San Policarpo era Obispo de la ciudad de Esmirna, en Turquía. Viajó a Roma a dialogar con el Papa Aniceto, con el fin de ponerse de acuerdo para unificar la fecha de fiesta de Pascua entre los cristianos de Asia y los de Europa.
Caminando por Roma, se encontró con un hereje que negaba varias verdades de la religión católica. El otro le preguntó: "-¿No me conoces?" Y el Santo le respondió: "- ¡Sí te conozco. Tu eres un hijo de Satanás!"
Cuando San Ignacio de Antioquía iba hacia Roma encadenado para ser martirizado, San Policarpo salió a recibirlo y besó emocionado sus cadenas. Por petición de San Ignacio, escribió una carta a los cristianos del Asia, carta que según San Jerónimo, era sumamente apreciada por los antiguos cristianos.
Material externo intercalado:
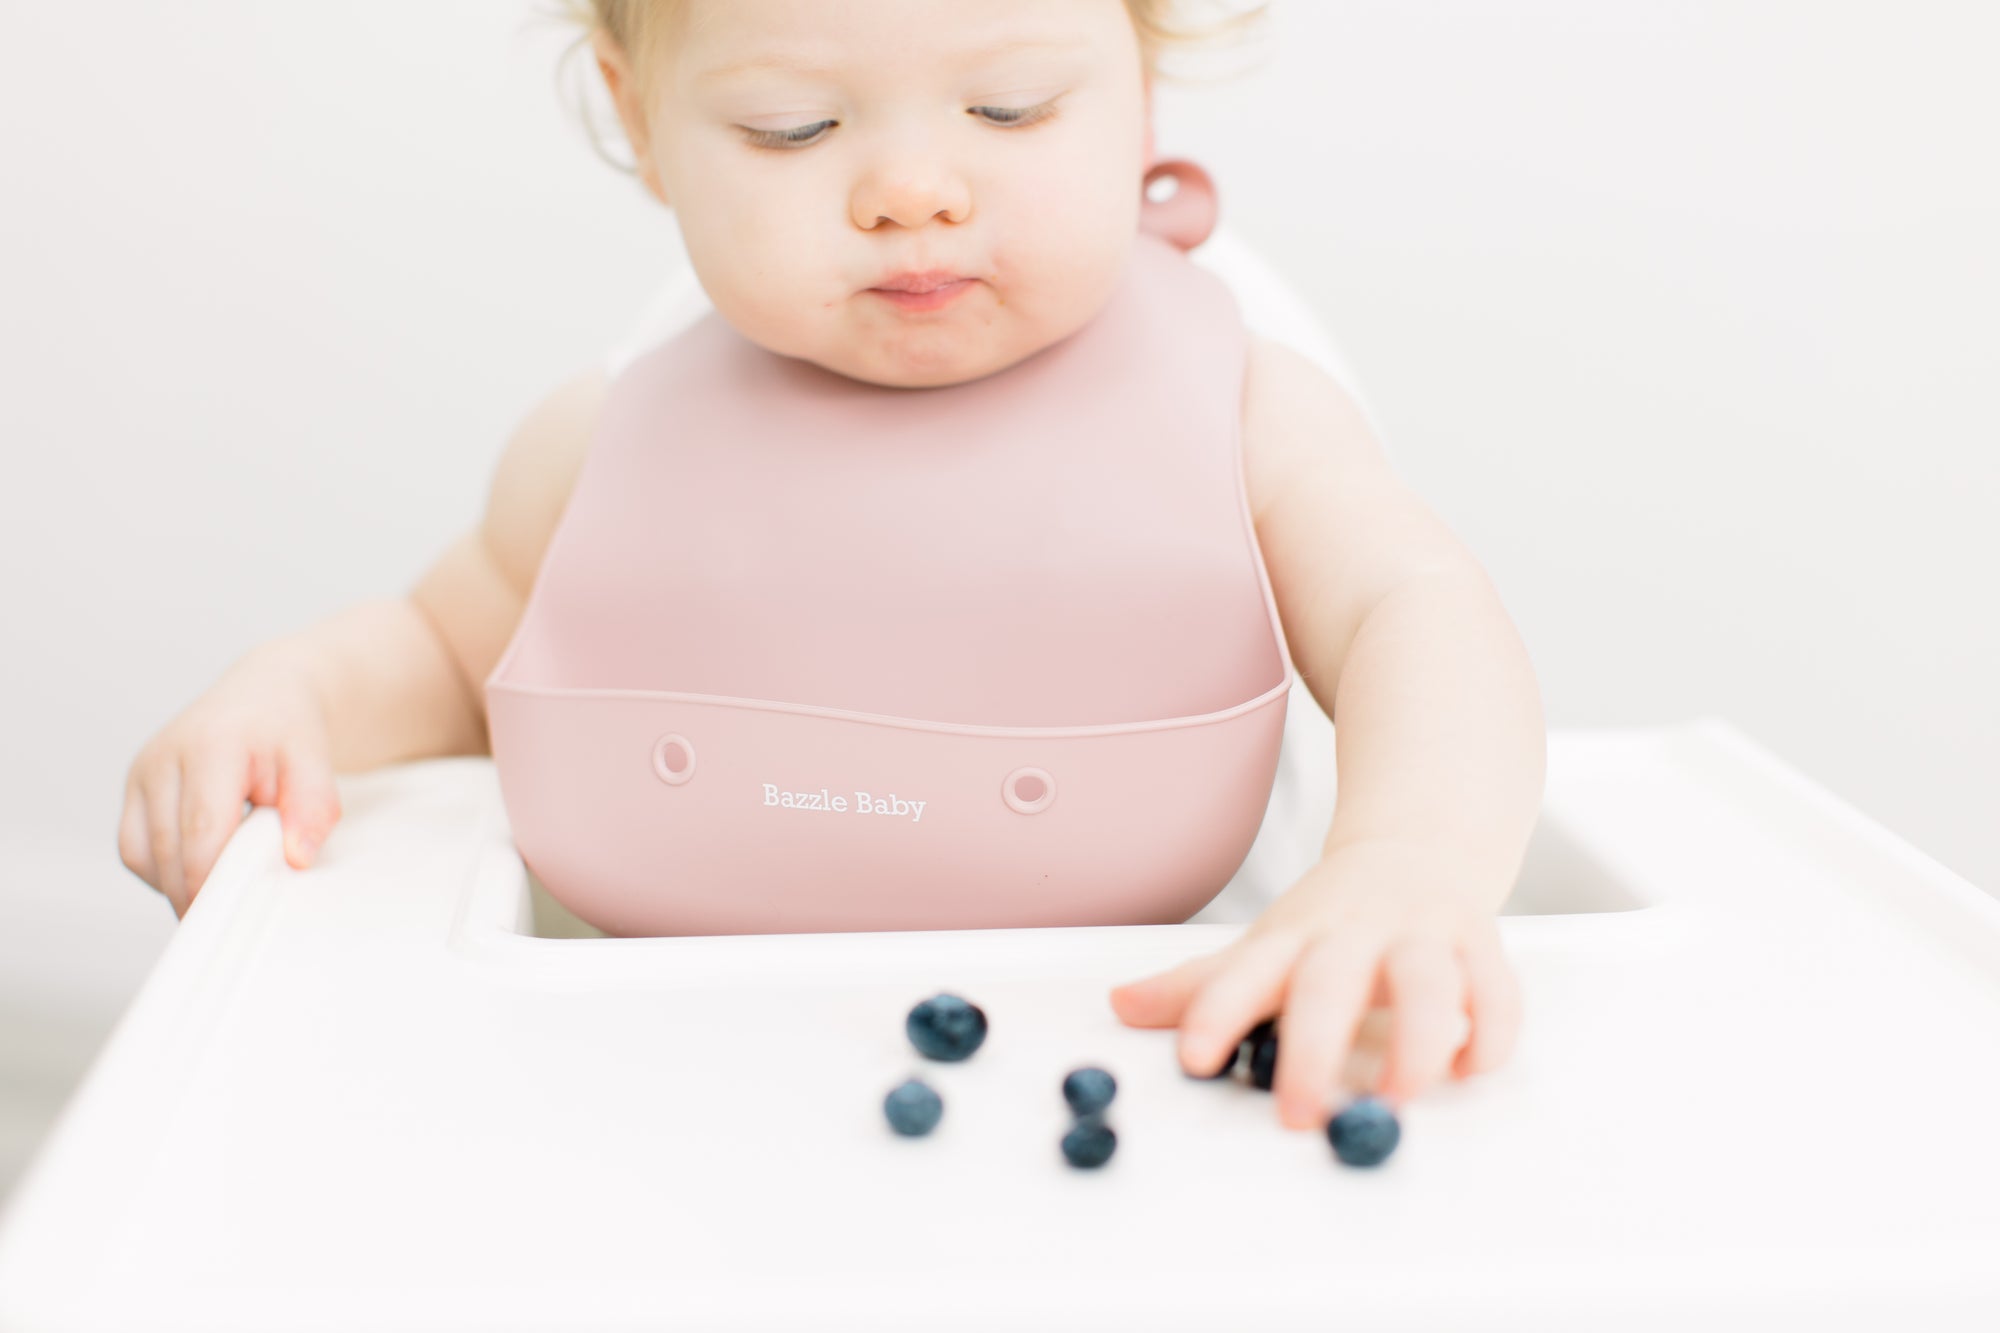 Baby wearing silicone bib with food catcher pocket in pink.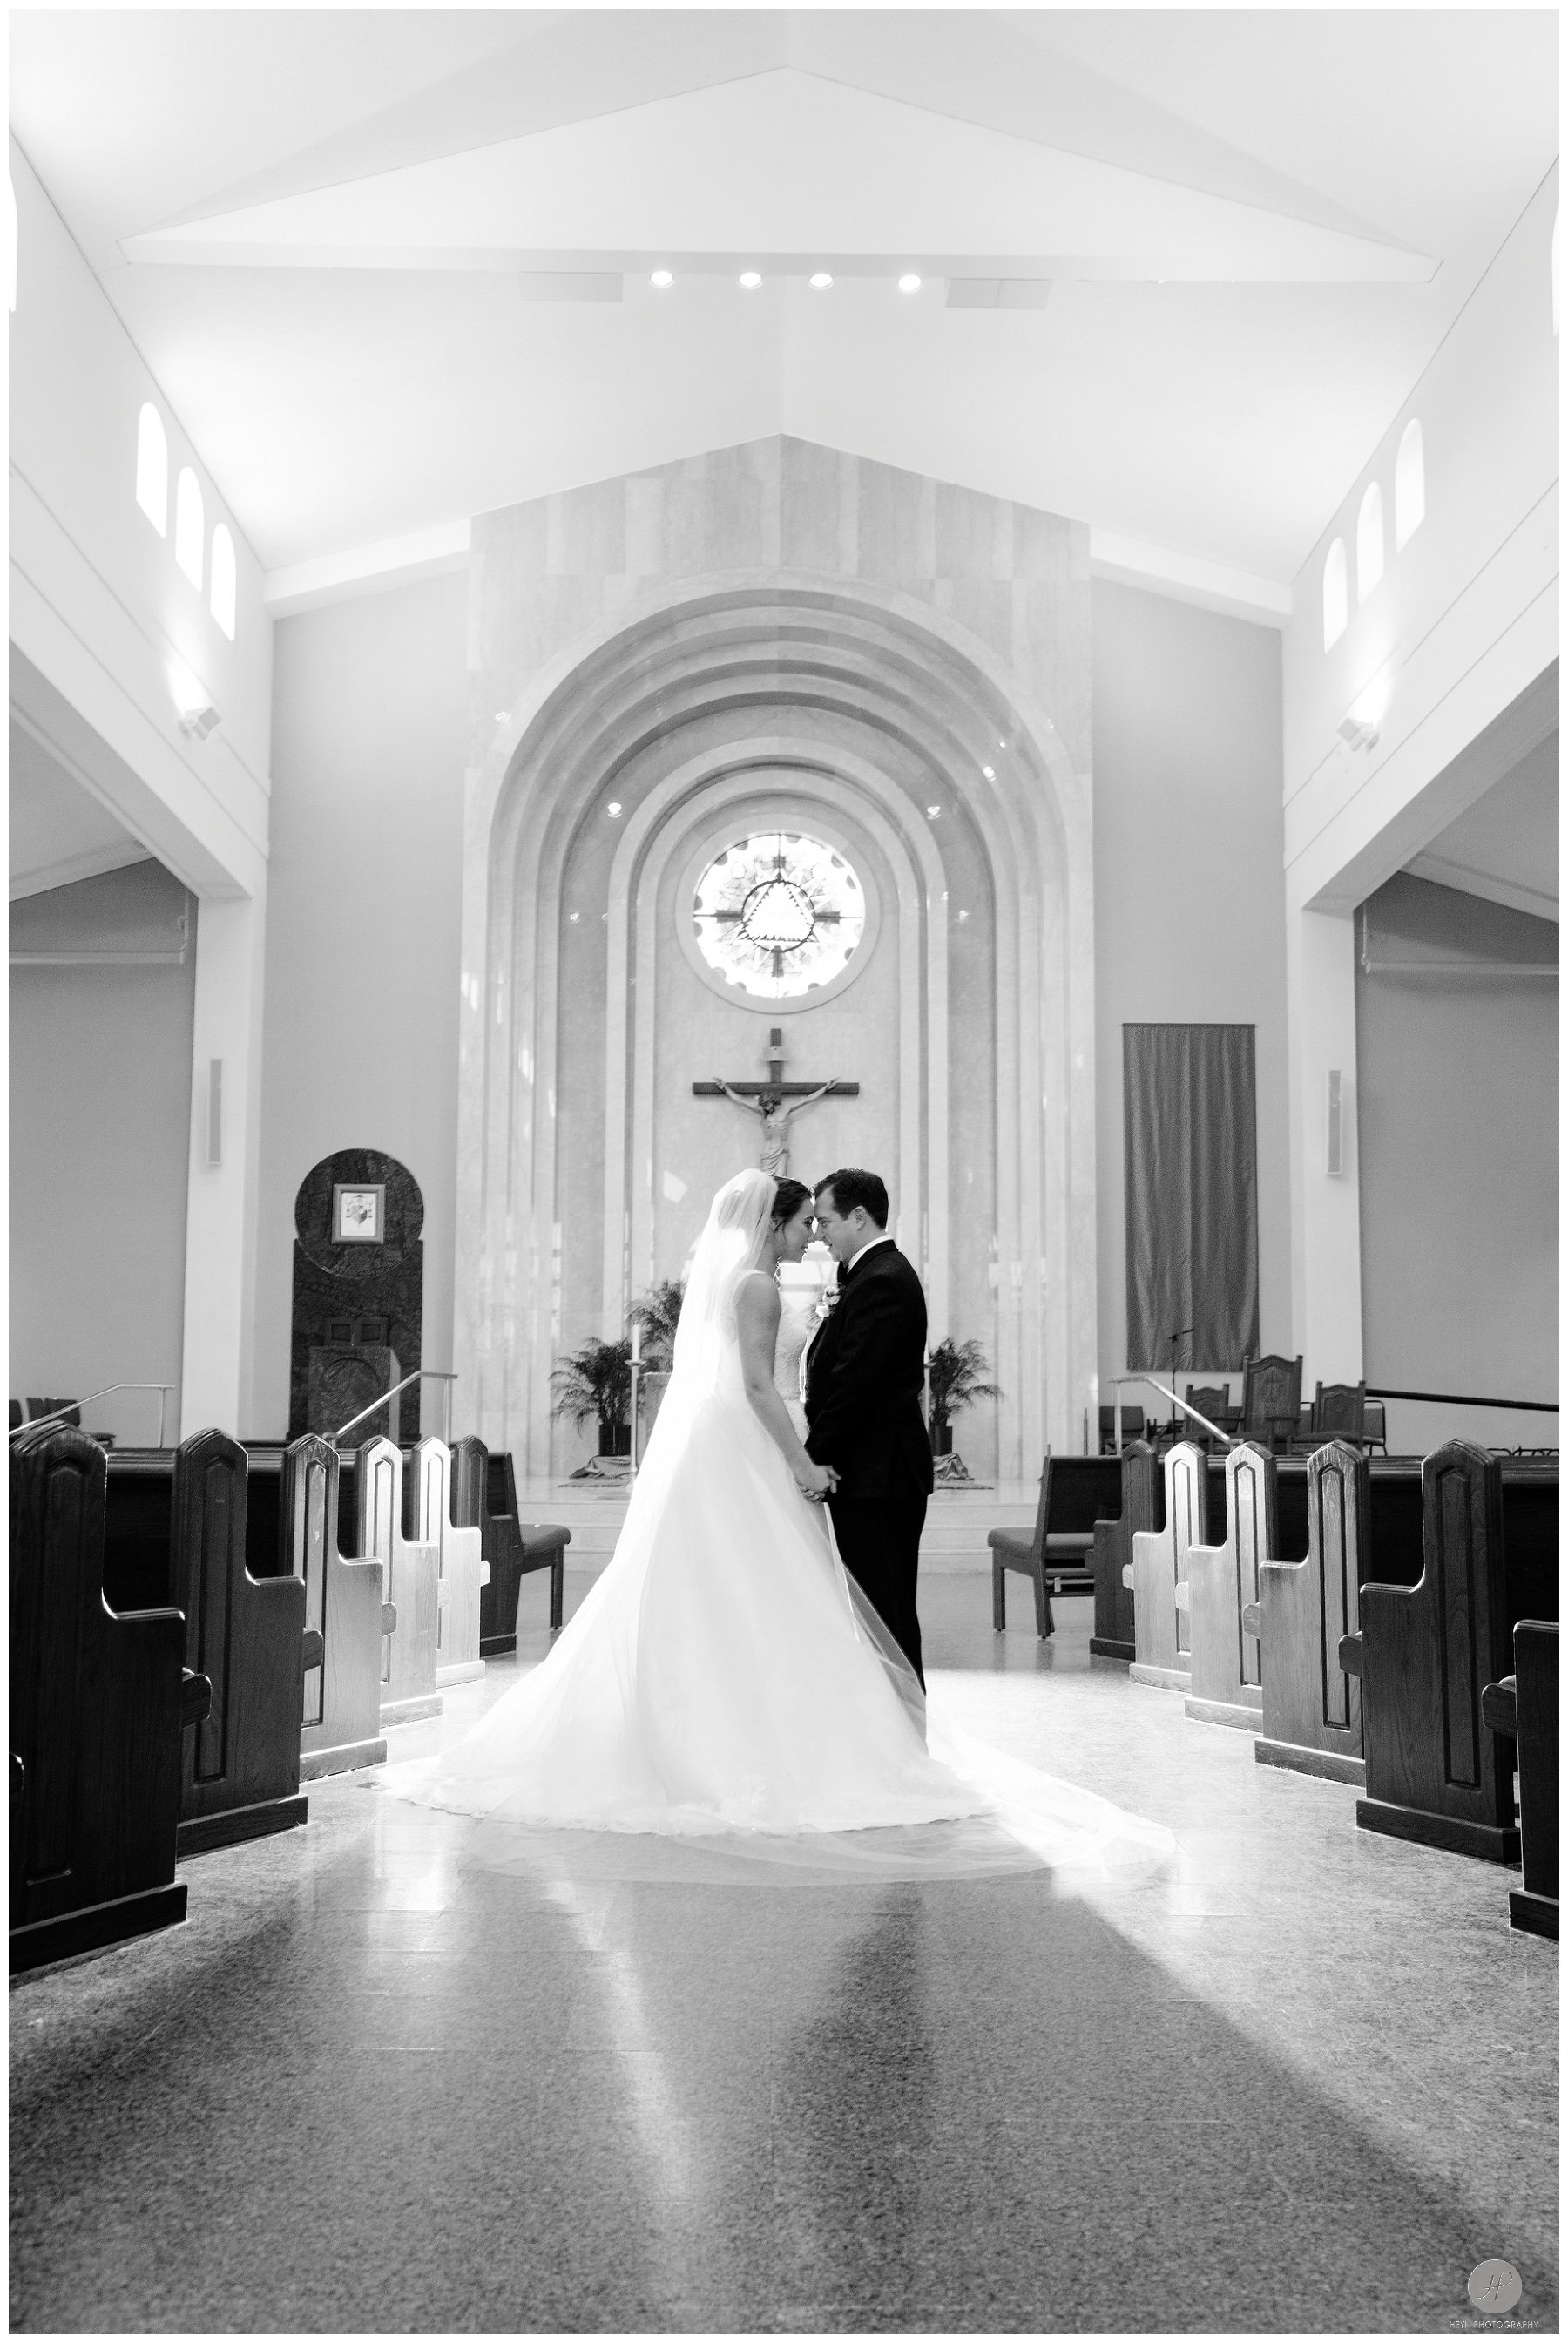 romantic black and white photo of couple in church wedding

El pueblo estaba reunido en el estadio y allá fue llevado Policarpo para ser juzgado. El gobernador le dijo: "-Declare que el César es el Señor". Policarpo respondió: "-Yo sólo reconozco como mi Señor a Jesucristo, el Hijo de Dios".
Añadió el gobernador: "-¿Y qué pierde con echar un poco de incienso ante el altar del César? Renuncie a su Cristo y salvará su vida". A lo cual San Policarpo dio una respuesta admirable. Dijo así: "-Ochenta y seis años llevo sirviendo a Jesucristo y Él nunca me ha fallado en nada. ¿Cómo le voy yo a fallar a Él ahora? ¡Seré siempre amigo de Cristo!".
El gobernador le gritó: "-Si no adora al César y sigue adorando a Cristo, lo condenaré a las llamas". Y el Santo respondió: "-Me amenazas con fuego que dura unos momentos y después se apaga. Yo lo que quiero es no tener que ir nunca al fuego eterno, que nunca se apaga".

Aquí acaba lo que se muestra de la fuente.